Cancer treatment is not one size fits all. Physicians must consider the different mutations, tumor formations, and affected tissue types of a case and tailor treatment to each patient. To find the most effective treatment for each patient, doctors and researchers sometimes use patient derived tumor samples to test which drugs work best on a particular tumor before administering the drugs to patients.
However, current patient derived tissue models such as organoids are limited by slow results, low reproducibility, and an inaccurate representation of the tumor environment. In a recent Cell Stem Cell study, researchers at Duke University developed a system for generating patient derived miniature tissue spheres that are smaller than organoids (1). The researchers used these tiny tissue samples, called micro-organospheres (MOS), to assess a broad range of drugs and produce results in as little as two weeks.
The new study represents “a new dimension of the drug discovery field,” said Jesse Boehm, a cancer researcher at the Broad Institute of MIT and Harvard who was not affiliated with this study. “This is a thorough proof-of-concept study that begins to show the feasibility of each step in the process,” from device manufacturing, to confirming the accuracy of the model, and to performing drug studies.

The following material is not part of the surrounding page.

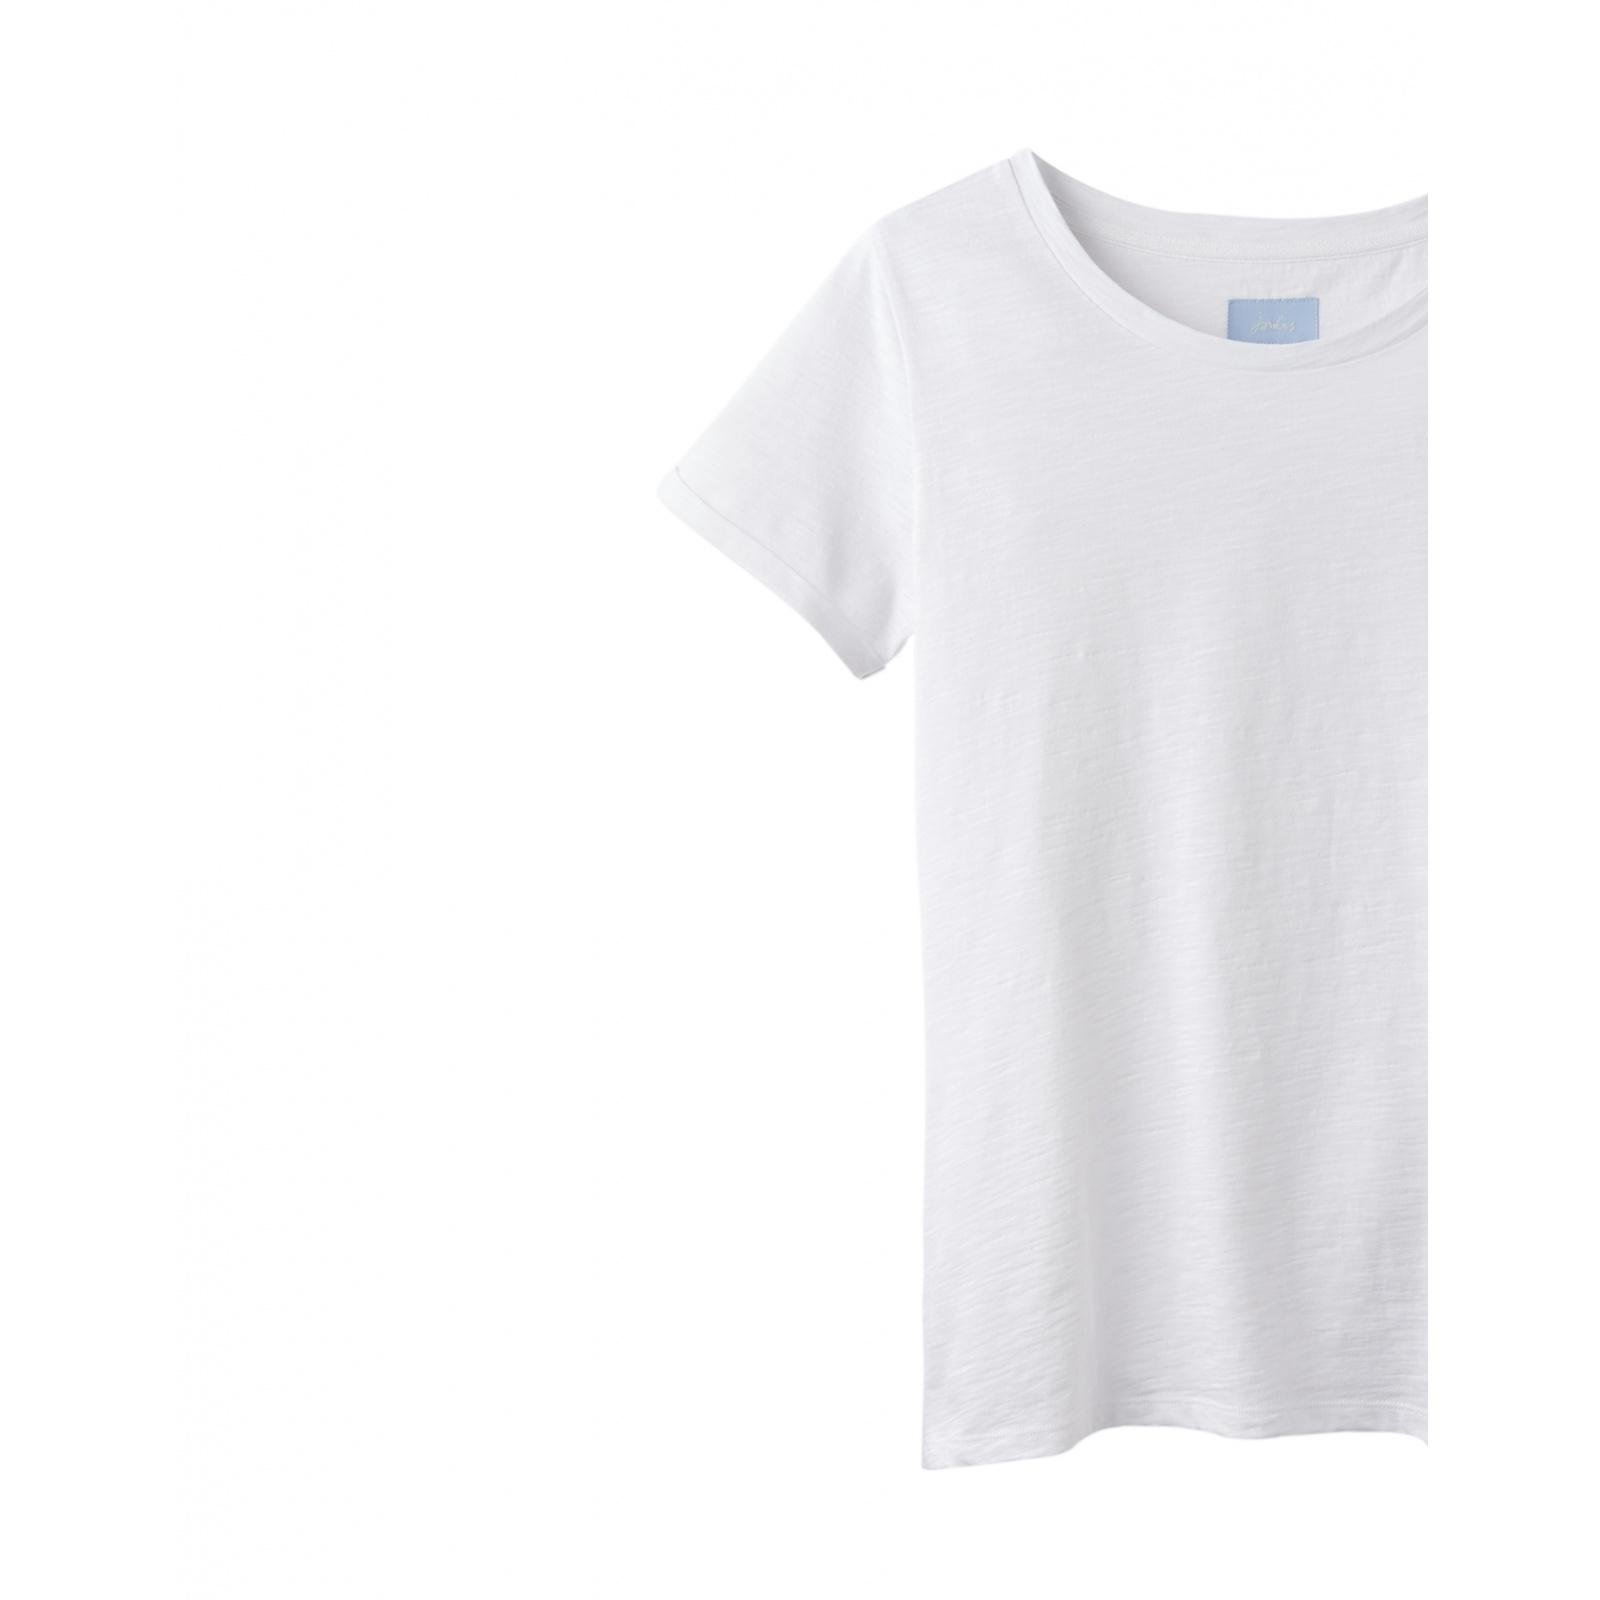 Joules-Nessa-ligero-Jersey-Camiseta-SS19 miniatura 13

Xiling Shen, a cancer biologist at Duke University and author of the study, used samples from a tumor biopsy to generate micro-tumors ex vivo that represent the genetics and microenvironment of the original tumor. Since MOS are smaller than organoids, they have a shorter growth timeline that allows for faster drug testing. One tumor biopsy can be used to generate more than a thousand MOS, maximizing the use of one sample. The researchers recapitulated the patient’s immune microenvironment by retaining immune cells in the MOS and ensuring that they responded to immunotherapy.
To validate their approach, Shen’s team first tested more than one hundred FDA-approved drugs on MOS derived from a patient with rectal cancer and found that the cancer was sensitive to the drug oxaliplatin. The researchers then incorporated biopsies from 7 additional patients into the sample group. Four samples were sensitive to oxaliplatin, and the other four were resistant.
The team next gave each patient oxaliplatin, and the results matched Shen’s team’s prediction; the four patients whose MOS were sensitive to oxaliplatin responded well to the treatment. The sizes of their liver lesions decreased. Three of the four patients resistant to oxaliplatin did not respond to the drug.
With their MOS system, Shen’s team can screen a wide range of drugs, including checkpoint inhibitors, which are drugs that help cancer cells detect and attack cancerous cells, as well as immune modulators and antibody drugs. Shen’s team started a clinical trial in June of 2022 to test patient tumor samples on a wider scale.
The authors of the study also established their own startup company, Xilis, to develop a MOS commercial assay for use in the clinic. Shen believes that researchers could translate this proof of concept to other diseases and patient derived cell types to study conditions that don’t have reliable drug testing models.
“For the first time, you can reliably do drug testing in a clinic setting within 10 days, and also be able to assess immune drugs that right now don't have comparable preclinical models,” said Shen.
References
- Ding, S. et al. Patient-derived micro-organospheres enable clinical precision oncology. Cell Stem Cell 29, 905-917 (2022).